DATASET:
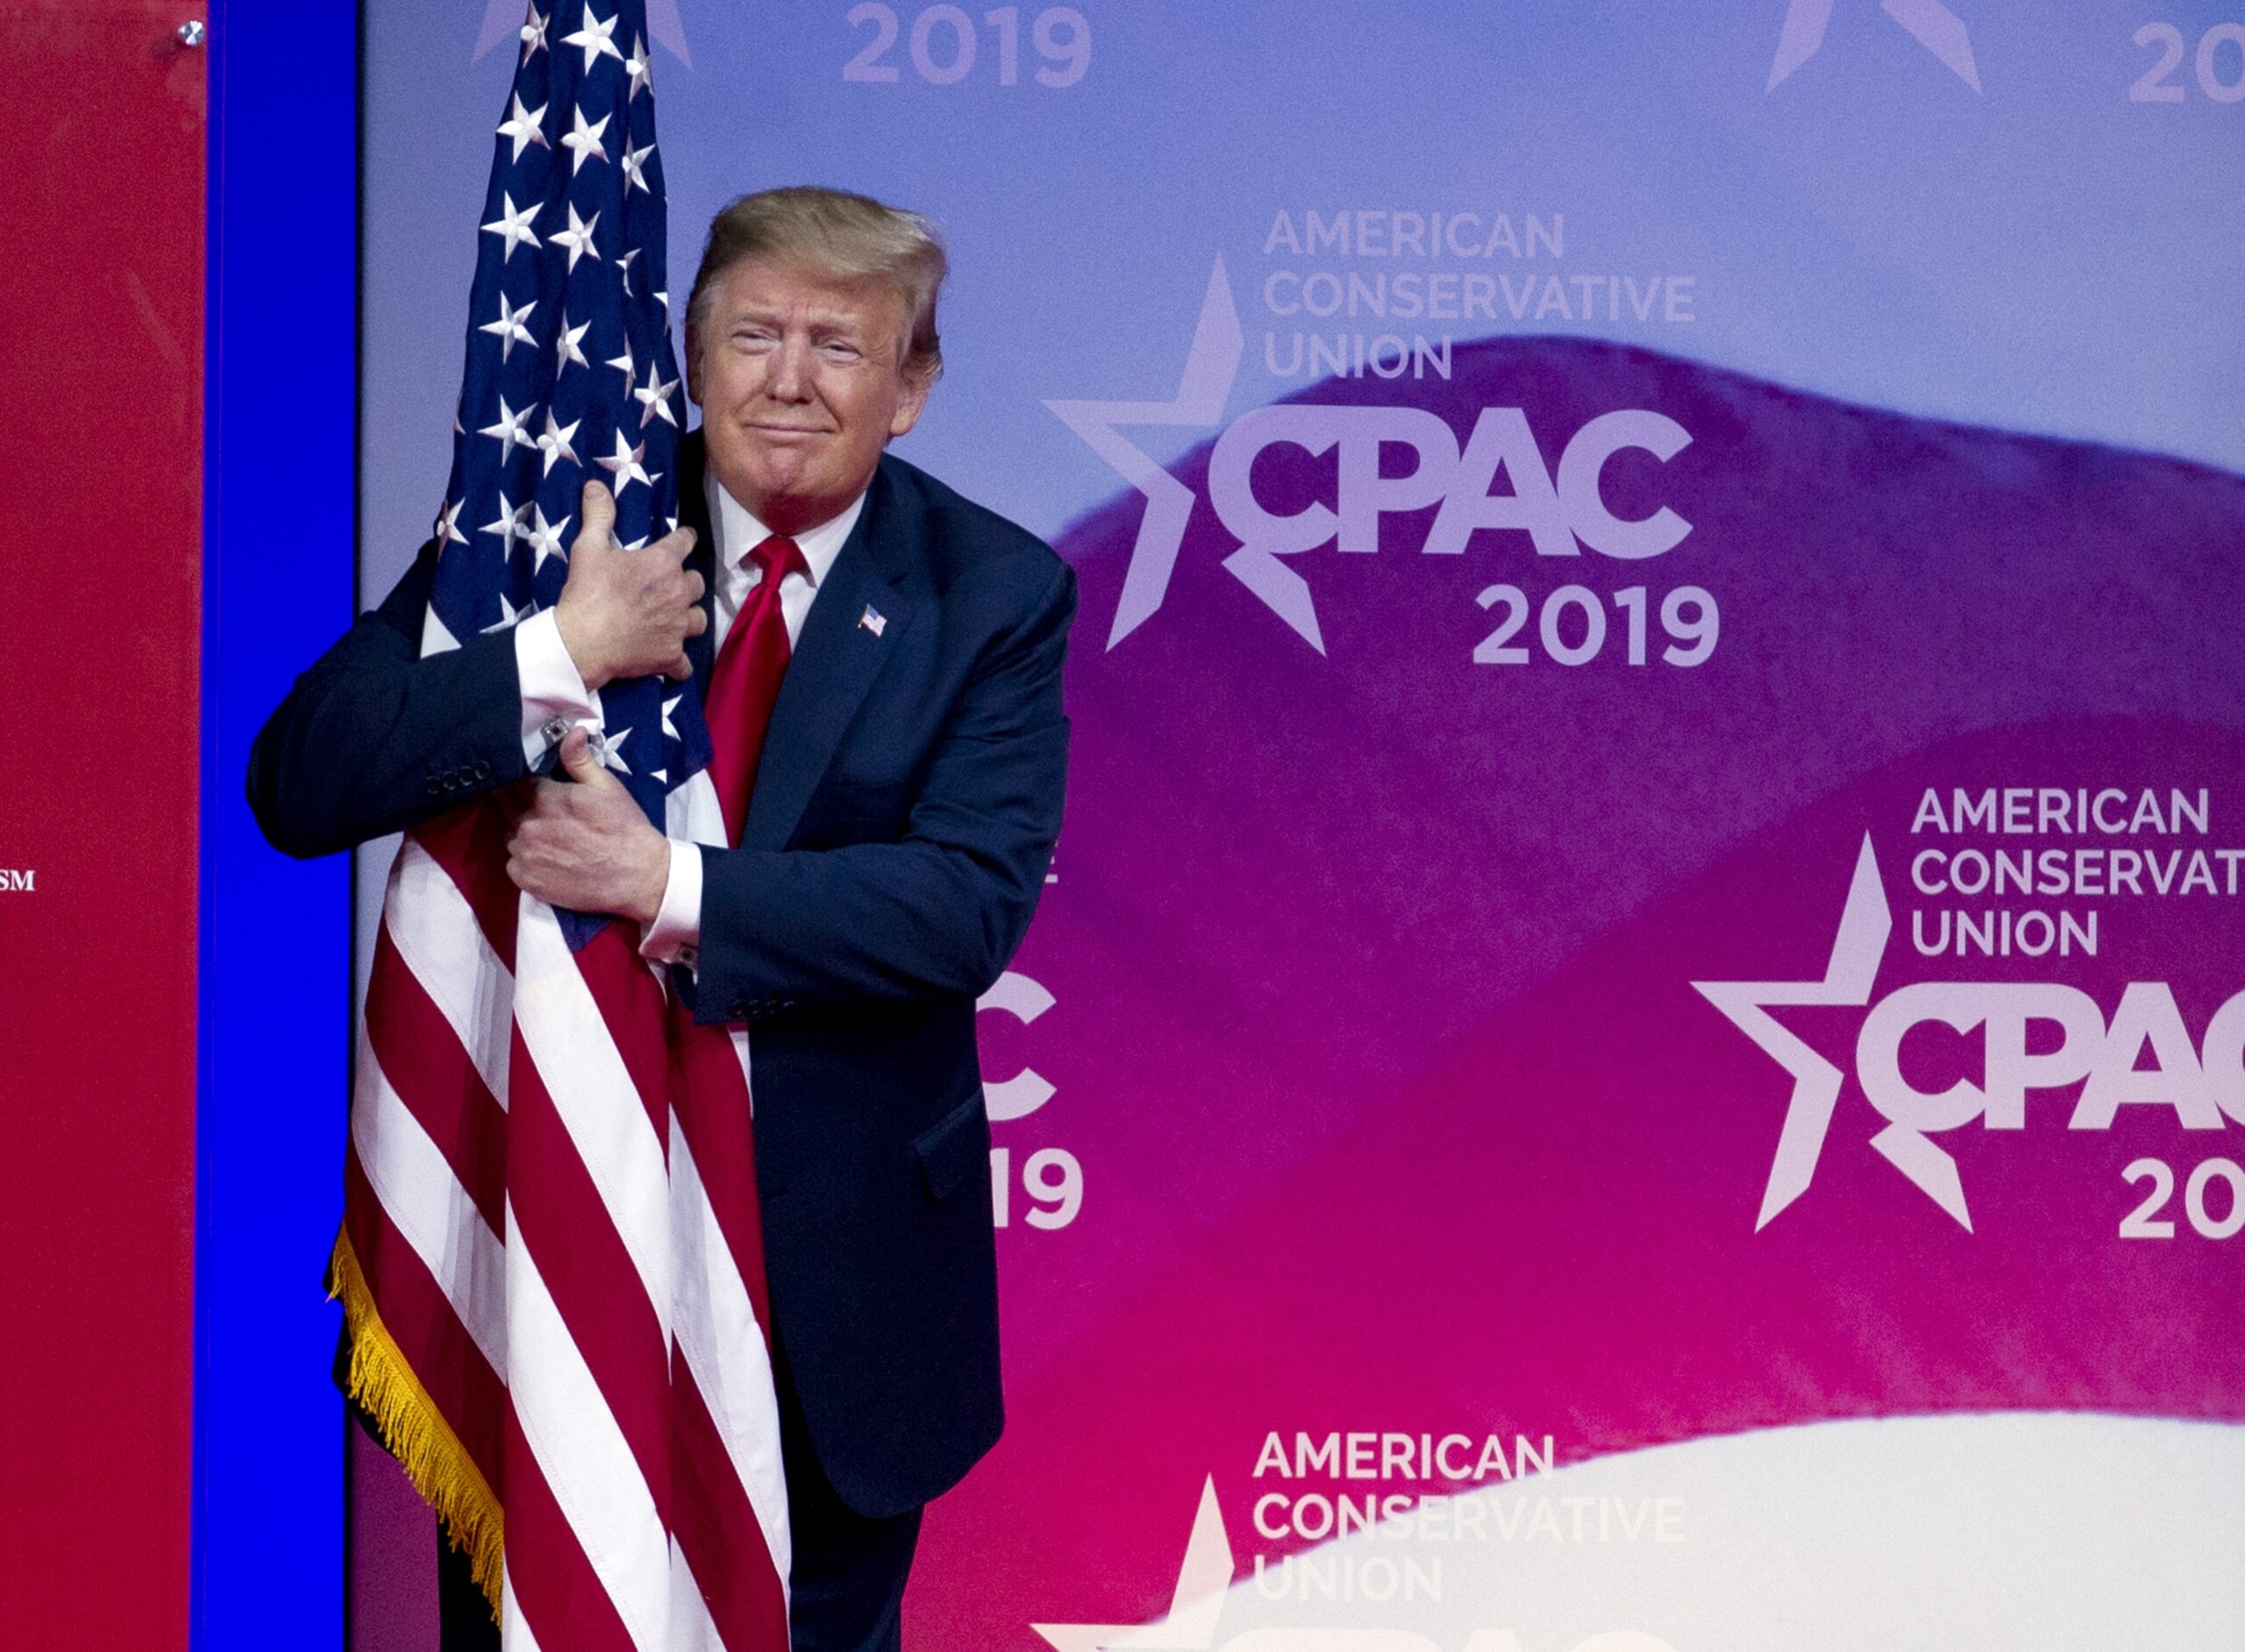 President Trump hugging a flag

---

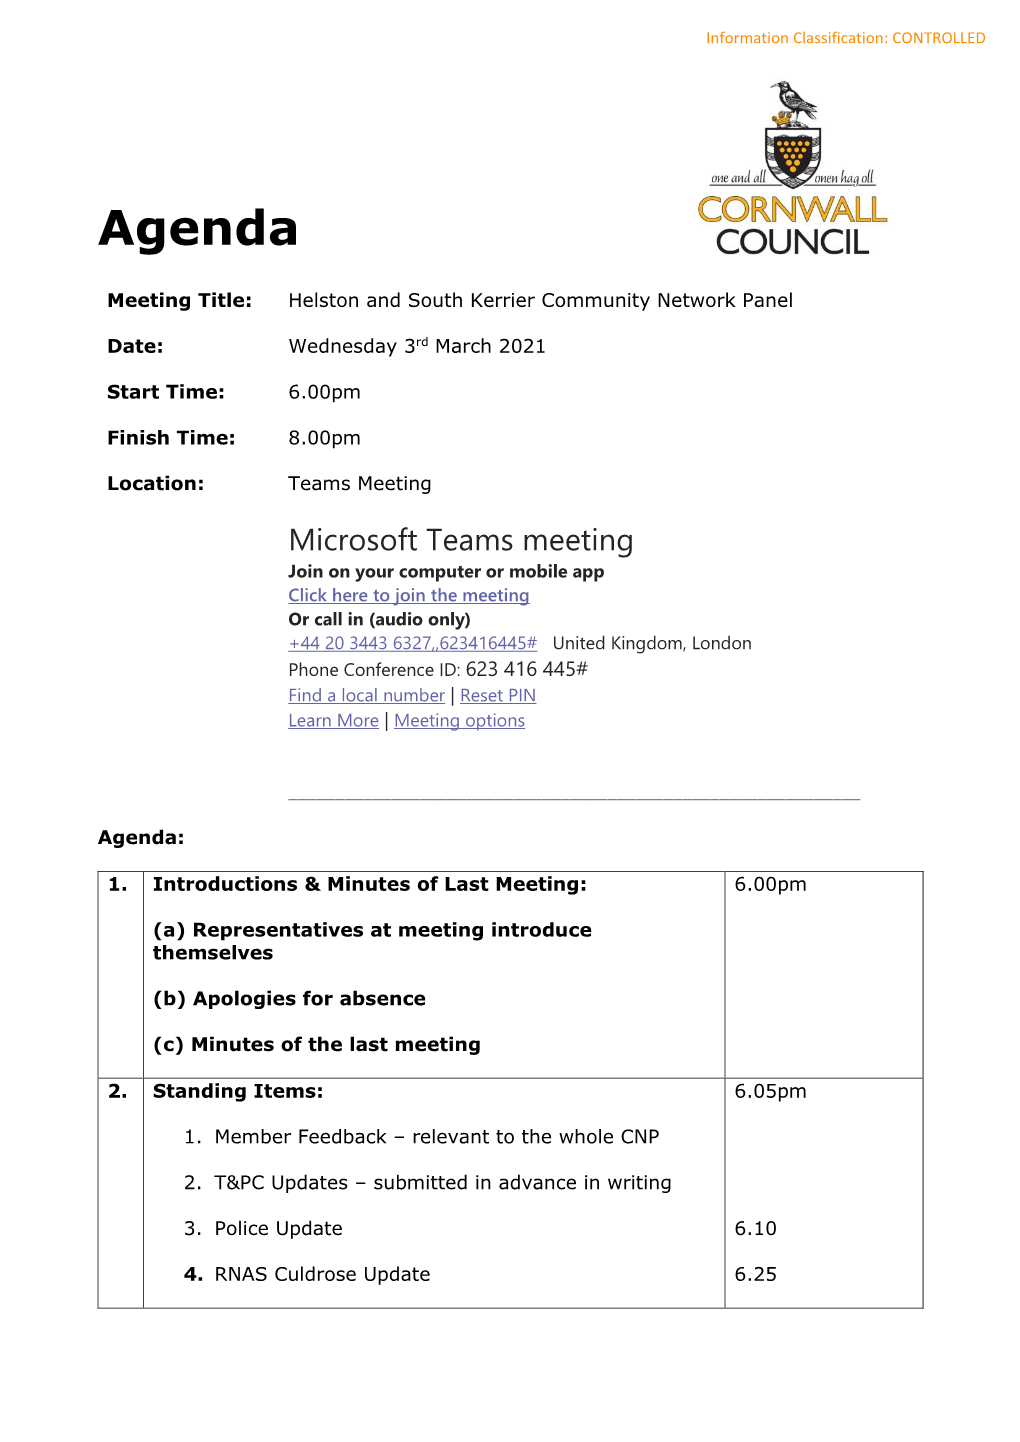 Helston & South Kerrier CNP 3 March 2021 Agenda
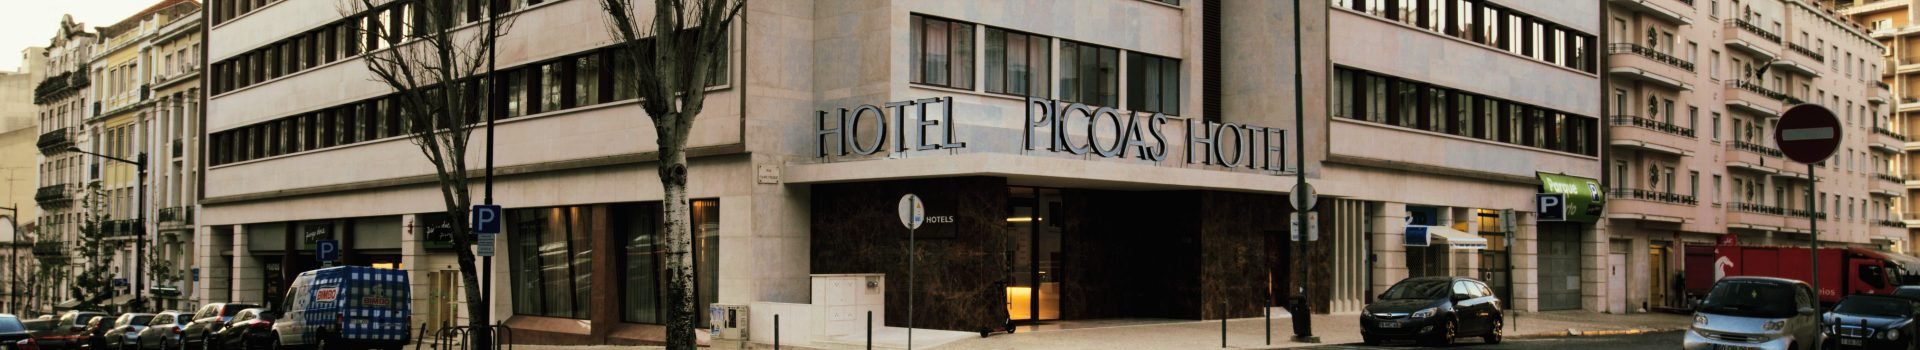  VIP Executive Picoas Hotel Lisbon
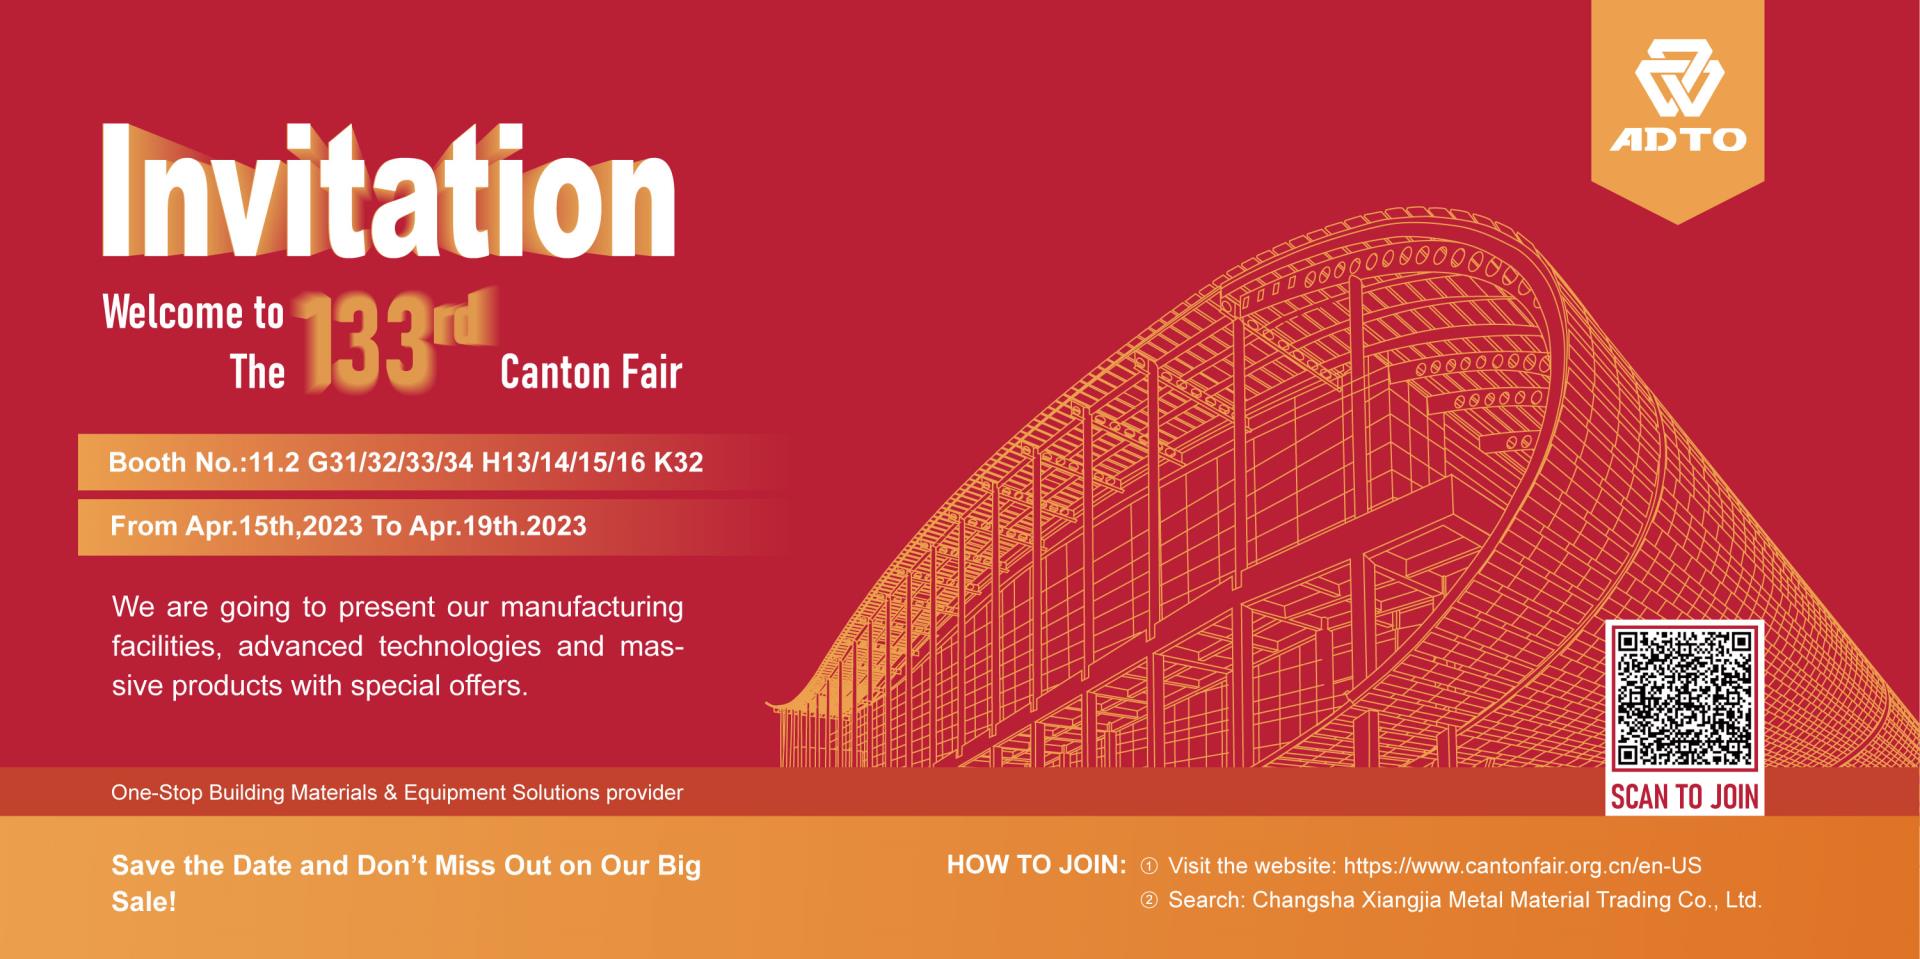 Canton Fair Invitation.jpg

INSTRUCTIONS FOR THE TASK:
Output exactly those lines of the data above that run from the line with "VIP Executive Picoas Hotel Lisbon" up to and including the line with "Canton Fair Invitation.jpg". No pictures go in.

OUTPUT:
  VIP Executive Picoas Hotel Lisbon
 Canton Fair Invitation.jpg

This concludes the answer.